Current MMS messages (even though MMS is dead), rides upon HTTP for file transfer.

With the advent of high speed LTE networks and VoLTE, HTTP and MSRP based file transfer can fuel many applications such as multimedia advertising applications, native support for multimedia messaging in VoLTE handsets (outside RCSe) – to give an integrated multimedia chat and SMS experience on a high speed data network.

Moreover, MSRP can also help in purchasing content from operator-owned content stores or streaming unicast content on-demand.

It is quite surprising that the MMS architecture has been left behind in the IMS standards and IR.92, as it can deliver a lot of value in the current context through innovative content based services.

8. Golden IMS configurations for VoLTE devices

At many occasions, there are configurations required in the VoLTE device which are in addition to the bare minimum list of parameters defined by 3GPP in the IMS Management Object specification.

Some typical examples include the following:

a. RTP keepalive timer values

b. RTCP policies

c. Impact of radio conditions on IMS registration

d. Guidelines for camping priorities between GERAN, UTRAN and E-UTRAN

e. Endorsement of SIP timers given in TS 24.229

f. UE registration re-try behavior endorsement as given in Section-5 of TS 24.229

g.

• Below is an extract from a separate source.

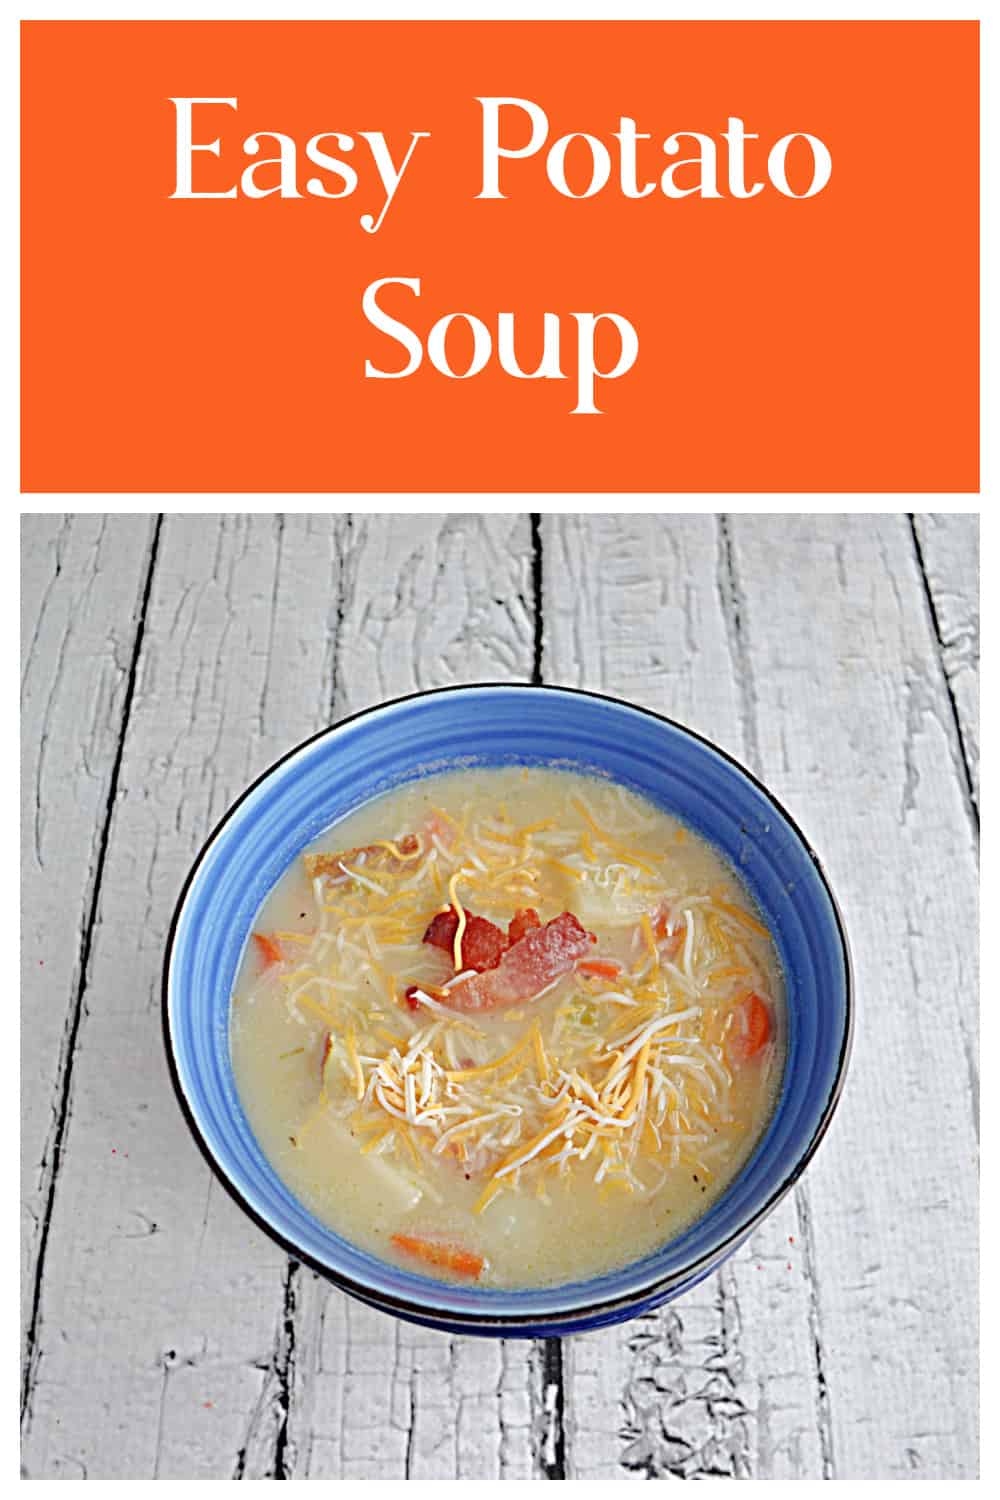 Pin Image:   Text title, a bowl of potato soup.
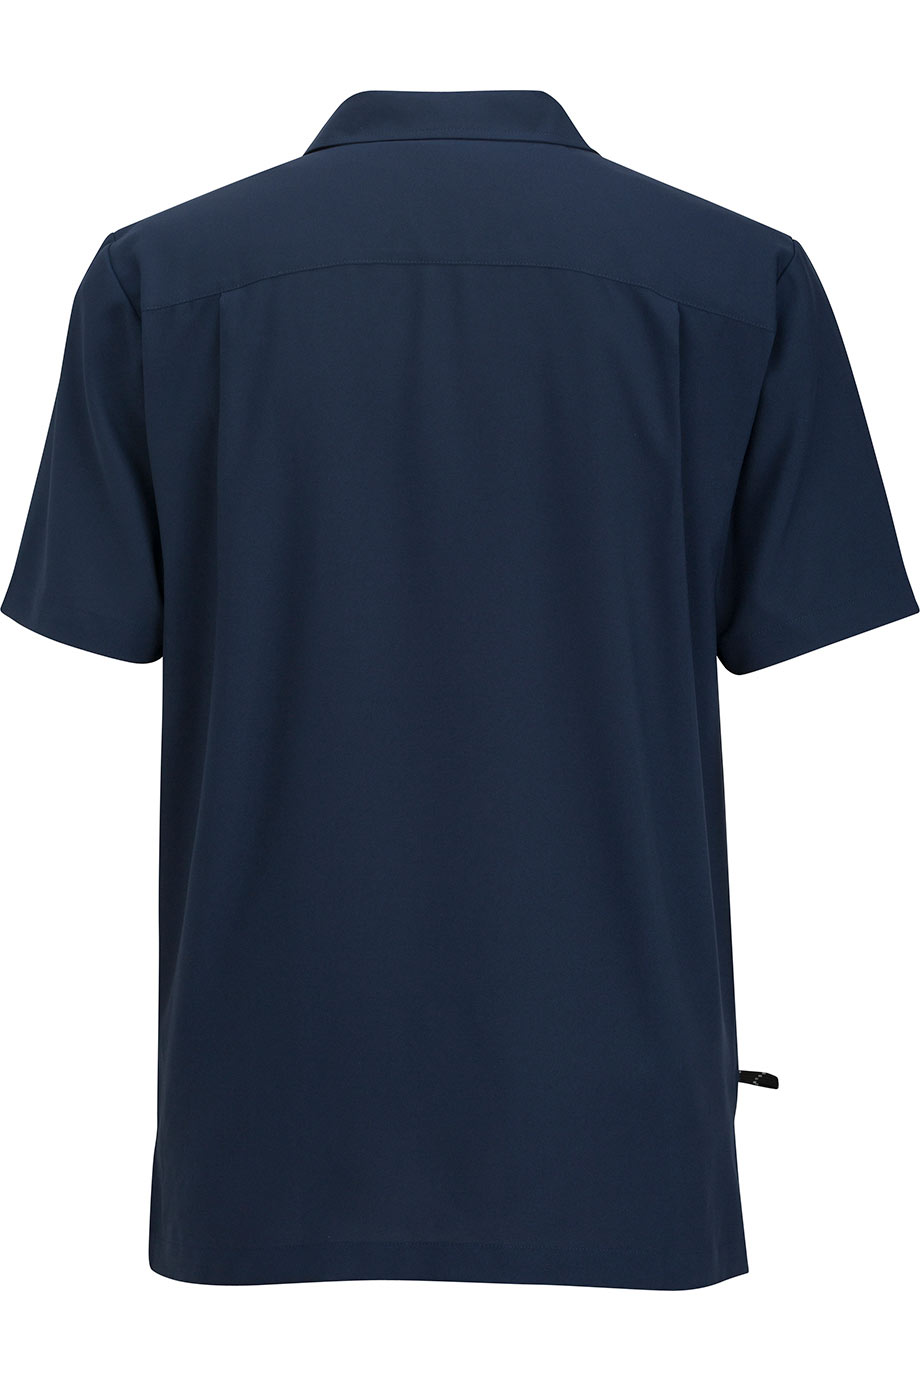 Essential Soft-Stretch Service Shirt | Edwards Garment

UE star code dialing behavior and resolving conflict of triggering XCAP requests vis-a-vis SIP INVITE requests for dialed star codes by the user

The absence of these details cause implementation and interoperability complexities.

Hence, it is desirable if IR.92 provides an annexure detailing out UE guidelines and golden configuration options which can be followed across VoLTE UE implementations.

Conclusion:

In conclusion, there needs to be a mechanism to include practical implementation pain-points and ensure backwards compatibility in the current IR.92 standards.

All the points listed above are widely deployed in current GERAN and UTRAN implementations with the circuit switched core network.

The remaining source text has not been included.